What are the real analytic functions $f\colon (-\frac{1}{2},\frac{1}{2}) \to \mathbb{C}$ that satisfy the following functional equation, and how are they derived? $$f(2x)=f(x-\frac{1}{4})+f(x+\frac{1}{4})\quad\text{for }x \in (-\frac{1}{4},\frac{1}{4})$$
I think this could be interesting because in addition to the obvious solutions $f(x)=zx$, this is also satisfied by $f(x)=\ln (2\cos(\pi x))$.
Note: The question of which continuous functions satisfy this property has been answered (and for $f \in \mathcal{C}^n$ see the comments to the answers there); however, the restriction on functions in that case is rather weak, and it is not at all clear to me how to characterize the real analytic solutions of this fuctional equation.
case 1. $f'$ extends continuously to $[-1/2,1/2]$ (or, more generally, $f'$ is Riemann integrable on $[-1/2,1/2]$).

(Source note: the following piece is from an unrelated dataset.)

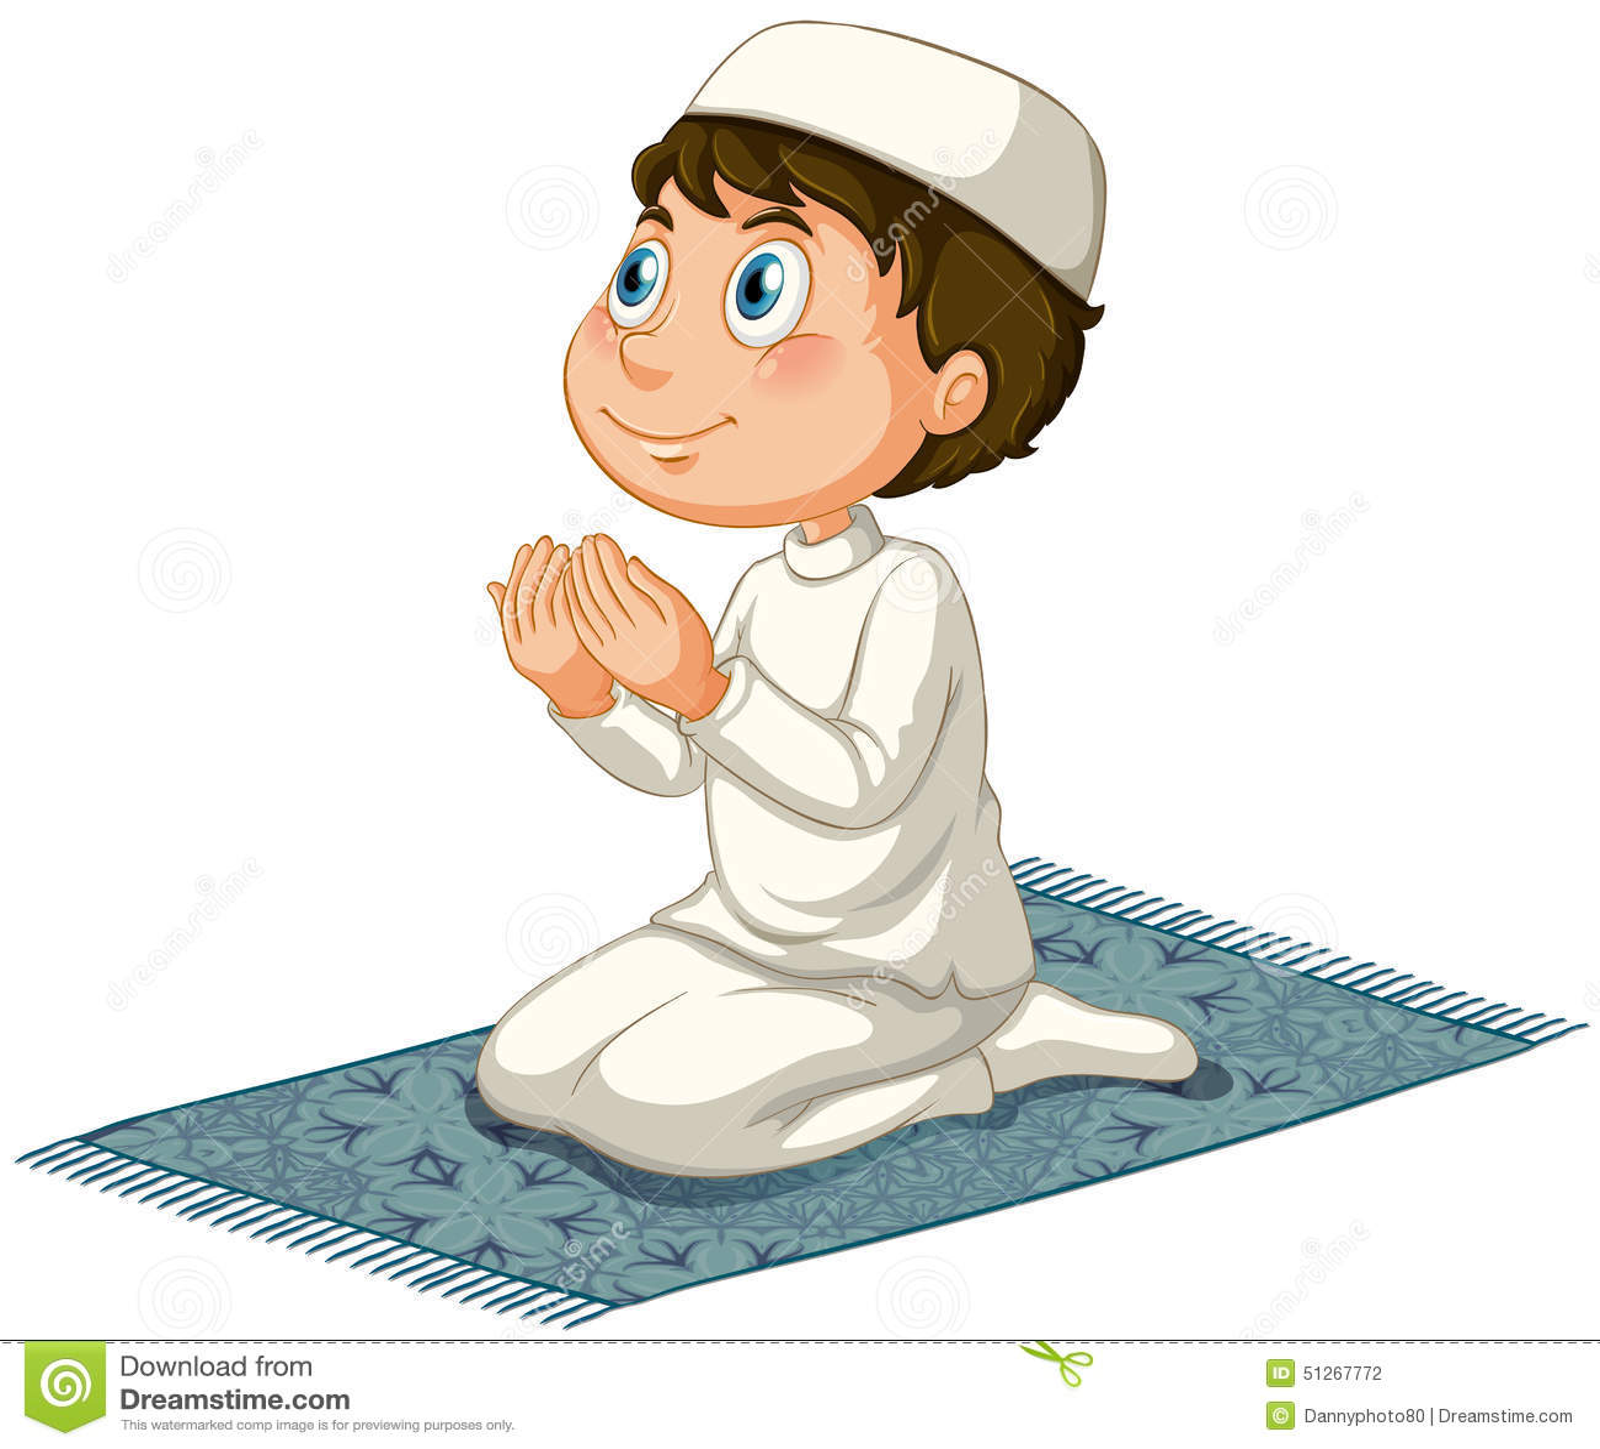 穆斯林祈祷手势分享展示图片

Take identity $f(2x) = f(x-1/4)+f(x+1/4)$, $-1/4<x<1/4$, differentiate it to get $2f'(2x) = f'(x-1/4)+f'(x-1/4)$, $-1/4 < x < 1/4$ or: $$ f'(x) = \frac{1}{2}\;f'\left(\frac{x}{2}-\frac{1}{4}\right) +\frac{1}{2}\;f'\left(\frac{x}{2}+\frac{1}{4}\right) ,\qquad \frac{-1}{2} < x < \frac{1}{2} . \tag{1} $$ Apply (1) to each of the terms on the right to get $$ f'(x) = \frac{1}{4}\;f'\left(\frac{x}{4}-\frac{3}{8}\right) +\frac{1}{4}\;f'\left(\frac{x}{4}-\frac{1}{8}\right) +\frac{1}{4}\;f'\left(\frac{x}{4}+\frac{1}{8}\right) +\frac{1}{4}\;f'\left(\frac{x}{4}+\frac{3}{8}\right) . $$ and by induction, for any $k$, $$ f'(x) = \frac{1}{2^k}\sum_{j=1}^{2^k} f'\left(\frac{x}{2^k}+\frac{-1-2^k+2j}{2^{k+1}}\right) \tag{2}$$ Now the right-hand side in (2) is a Riemann sum for the integral $\int_{-1/2}^{1/2} f'(t)\,dt$. Using a partition of $2^k$ equal size subintervals, we evaluate at one point in each of the subintervals.

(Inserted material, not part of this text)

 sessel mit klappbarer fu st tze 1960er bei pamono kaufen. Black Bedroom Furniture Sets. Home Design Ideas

Since we assumed $f'$ is Riemann integrable on $[-1/2,1/2]$, we may take the limit in (2) to conclude that $f'(x)$ is constant. Therefore $f(x) = ax+b$ for some constants $a$ and $b$, and plugging in to the functional equation we get $f(0)=0$, so we conclude $f(x) = ax$.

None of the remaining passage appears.